- Type: Tell
- Periods: PPNB, Neolithic
- Location: Beqaa Valley, Lebanon
- Part of: Settlement

History
- Built: c. 8200-6200 BC

Site notes
- Excavation dates: 1965-1966
- Archaeologists: Lorraine Copeland, Peter J. Wescombe, Henri de Contenson
- Condition: ruins
- Public access: Yes

= Hashbai =

Archaeological site in Lebanon

Hashbai or Tell Hashbai is an archaeological site on the west of the Beqaa Valley in Lebanon.

The area is watered by the Mount Lebanon reservoirs and sits beside the Wadi Hashbai, close to the Ain Hashbai springs. The site is located on the side of the valley as older sites in the central valley have been deeply covered in soil.

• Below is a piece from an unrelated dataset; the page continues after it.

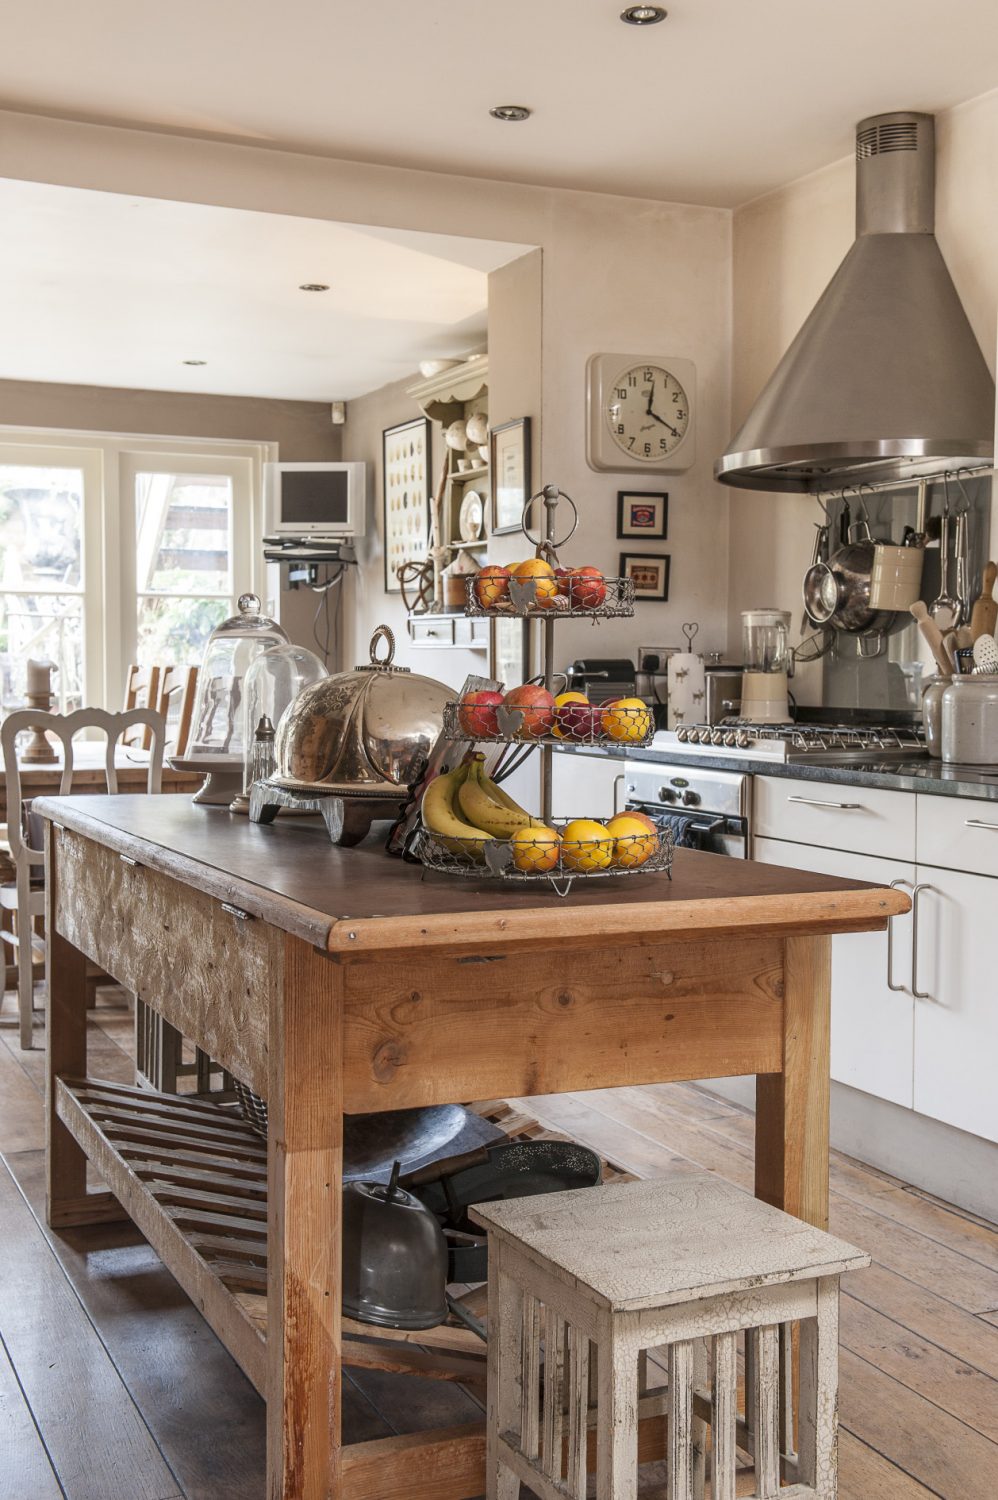 The kitchen section is divided invisibly down the middle – the business side all black granite and steel and the other a far warmer world of soft shades, shadows and antique wood

It was first surveyed and studied in 1965-6 by Lorraine Copeland, Peter Wescombe and Henri de Contenson. Materials found included burnished, red-washed shards of pottery (some with incision decoration), arrowheads, sickle blades with coarse denticulation, obsidian, basalt rubber and a limestone pestle. suggested PPNB or Neolithic dating similar to Tell Ramad, Byblos or Amuq with occupation as late as the Bronze Age. A dark brown and black flint group of later appearance was also detected. It was suggested that if this flint group were to belong with the production period for Dark Faced Burnished Ware or red-washed pottery, then it may carry an even earlier PPNB date. Along with evidence from White Ware in the area, this has suggested that the Beqaa sites are of a sub-group suggested to date earlier chronologically than finds from Byblos.